Юношеская горячность, так присущая молодости, заставила вскипеть злость, и Прохора стали одолевать беспокойные мысли. И о том, что ему очень хотелось бы разыскать того самого отчаянного молодца. И о том, что отец никогда не позволит ему совершать таковые поступки. И что сам он не сможет оставить мать и братьев, чтобы поискать того самого тайного защитника окрестных деревень…
Меж тем, на Березовку спускалась ночь, одна за одной на быстро темнеющем небе зажигались звёзды.
Тетка Марфа, наговорившись с соседкой, отправилась восвояси, и мать позвала Прохора вечерять.
– Сынок, боязно мне тебя отпускать нынче в Усолье, – Пелагея Захаровна еле сдерживала слёзы, – Не ходи, отступись. Подождем недолго, может вести какие добрые придут, тогда и сходишь до Катерины!

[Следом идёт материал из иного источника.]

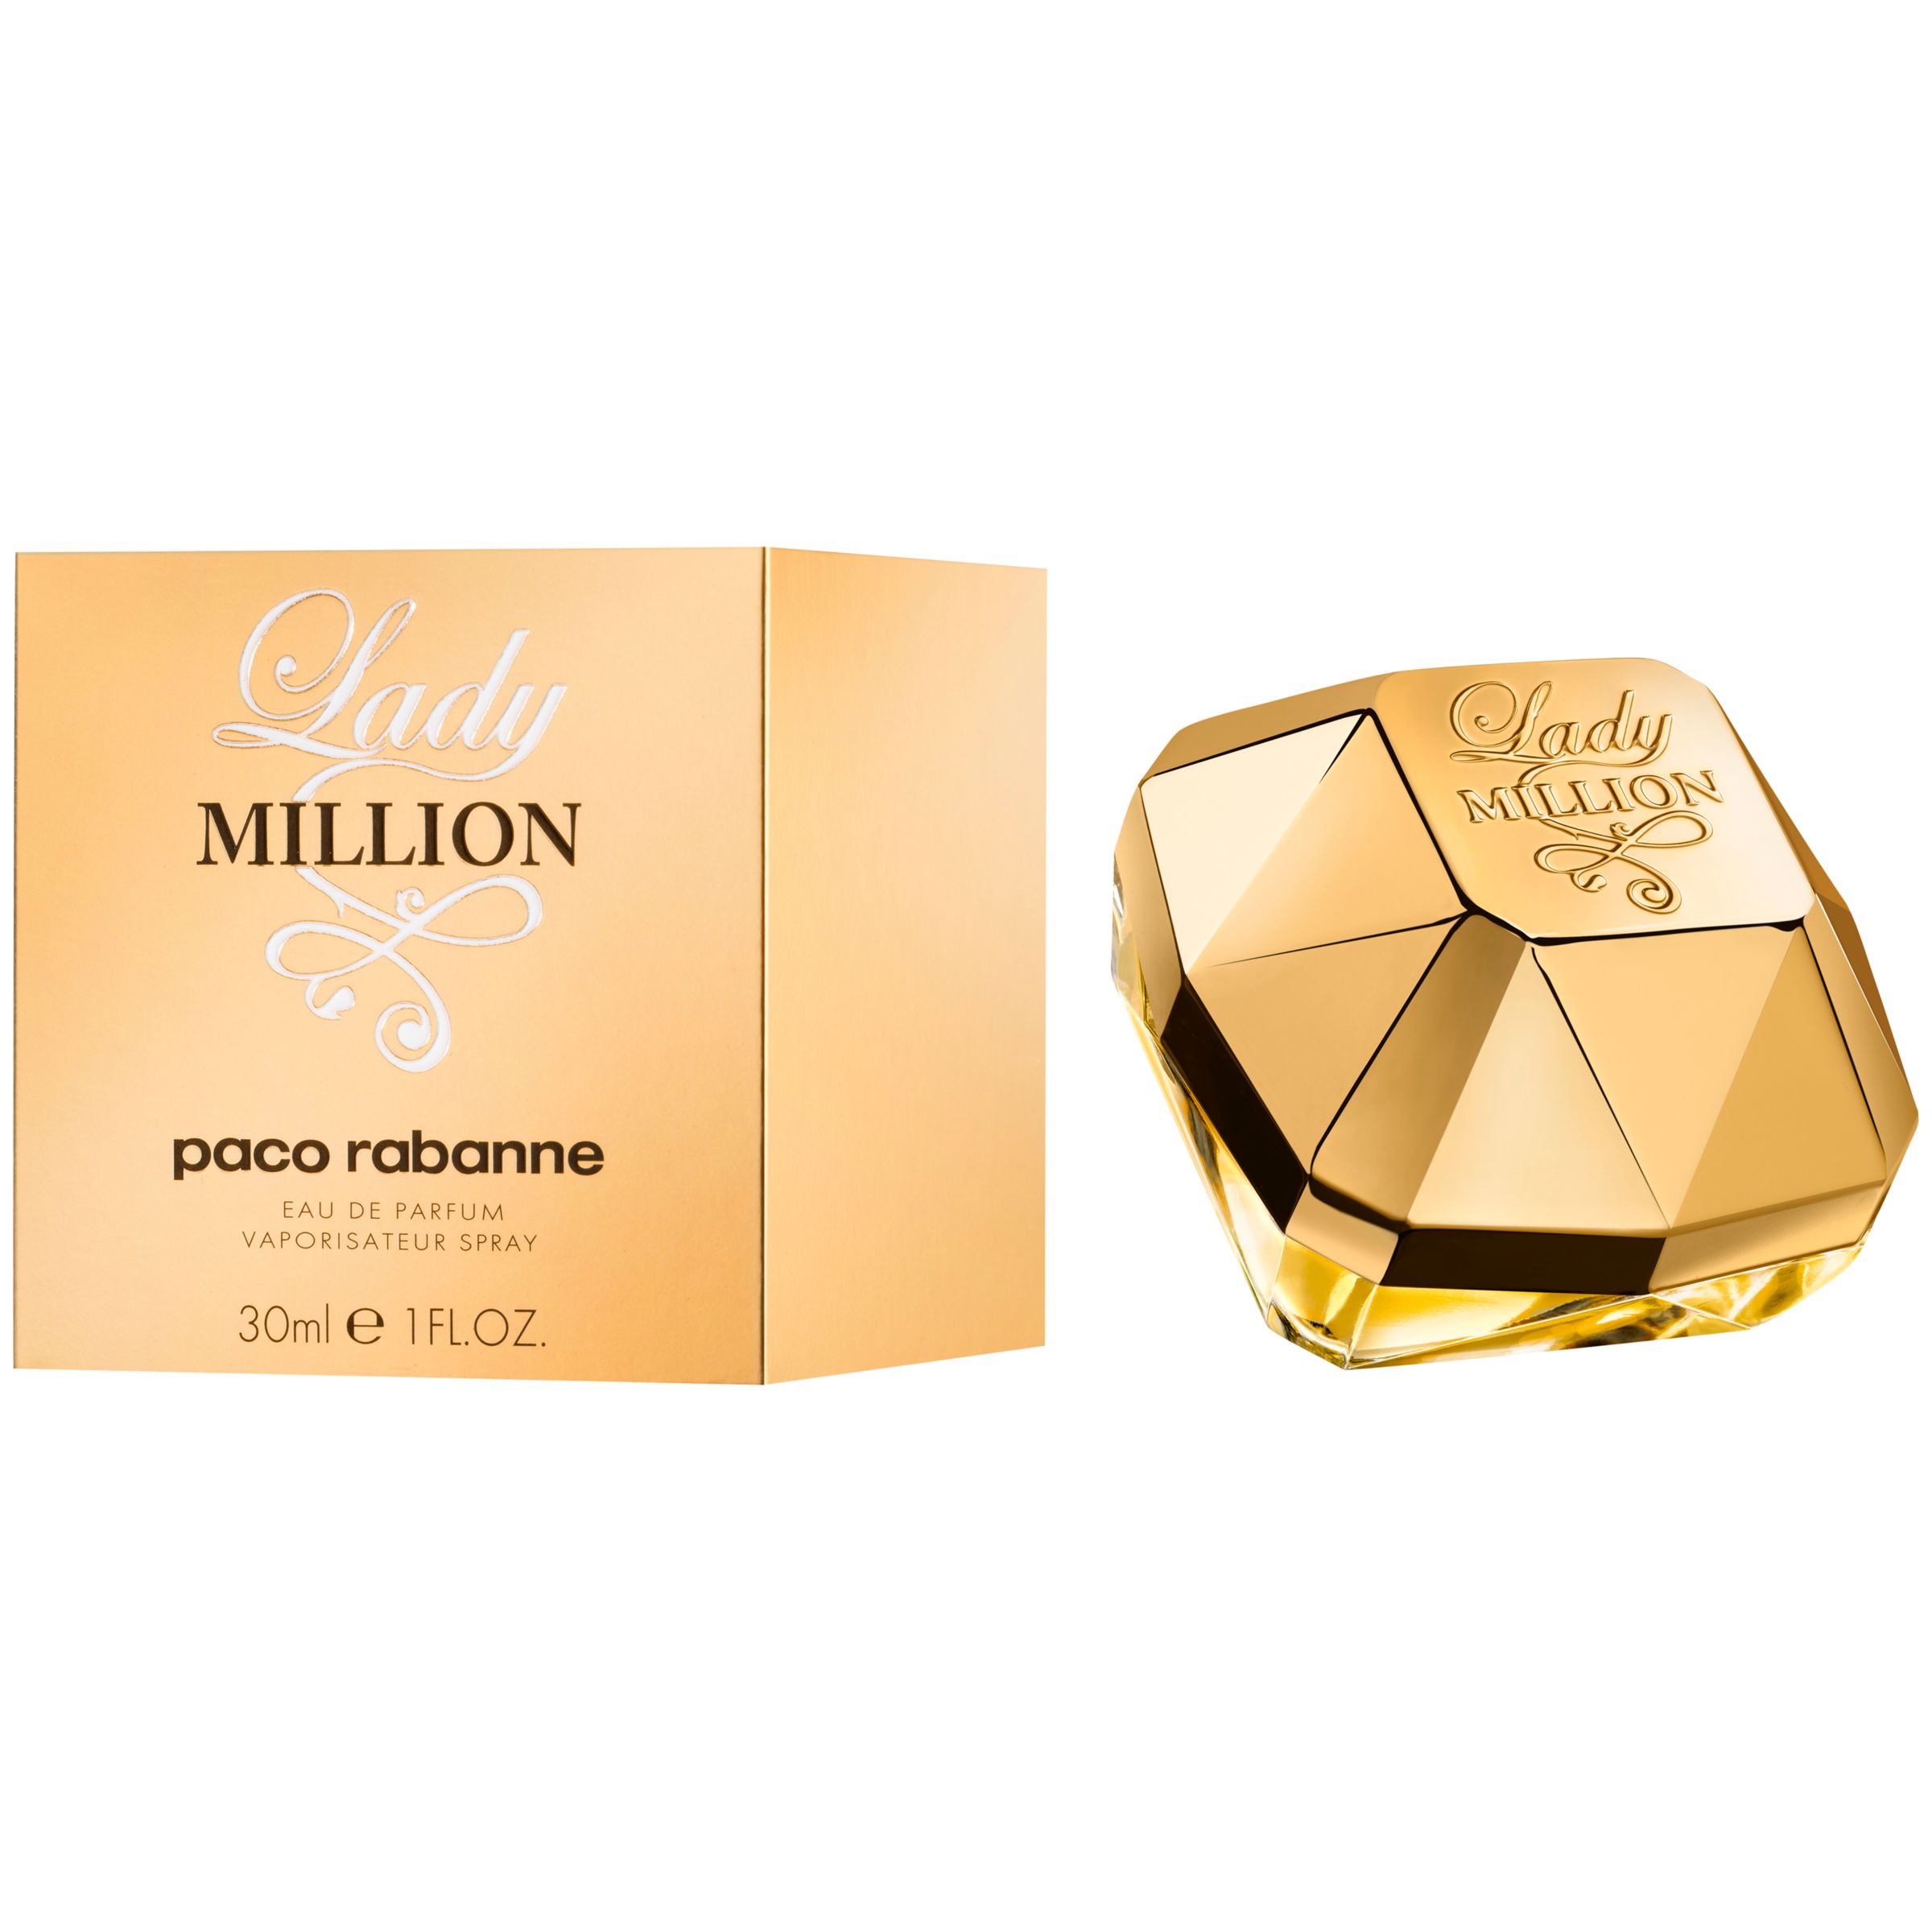 Paco Rabanne Lady Million Eau de Parfum, 30ml at John Lewis & Partners

– Матушка, прости. Я слышал, что тётка Марфа сказывала. Если всё правда, то медлить нельзя, надо ночью идти. Они же пуще озлятся, лютовать начнут. Тогда и вас мне не оставить, да и самому, может статься, не выбраться станет. А Катерине надобно сказать, что Ефим с тятей дольше в Вятке останутся, она ведь изведётся, ожидая.
Как ни боязно было Пелагее Захаровне отпускать сына, но в его словах был резон, и скрепя душой, она с ним согласилась.
– Ложись, поспи, – сказала она сыну, – Я тебя разбужу, как совсем стемнеет. Чтобы тебе до света успеть в Усольскую попасть, да меньше глаз чужих застать.
Прохор улёгся и закрыл глаза. Засыпая, он видел, что мать истово молится за него, за отца и брата, за всех сродников перед образами, плачет и кладет земные поклоны.
Глава 5.
Пелагея Захаровна при свете лампадки смотрела на спящего сына, и не могла унять слёз. Страшилось и плакало материнское сердце, как отпускать в такое время свою кровиночку, одного, идти по давно прогнившей гати, по лесам, где таятся лихие люди. Да и сами черные болота никого не щадят, столько людей пропало в них.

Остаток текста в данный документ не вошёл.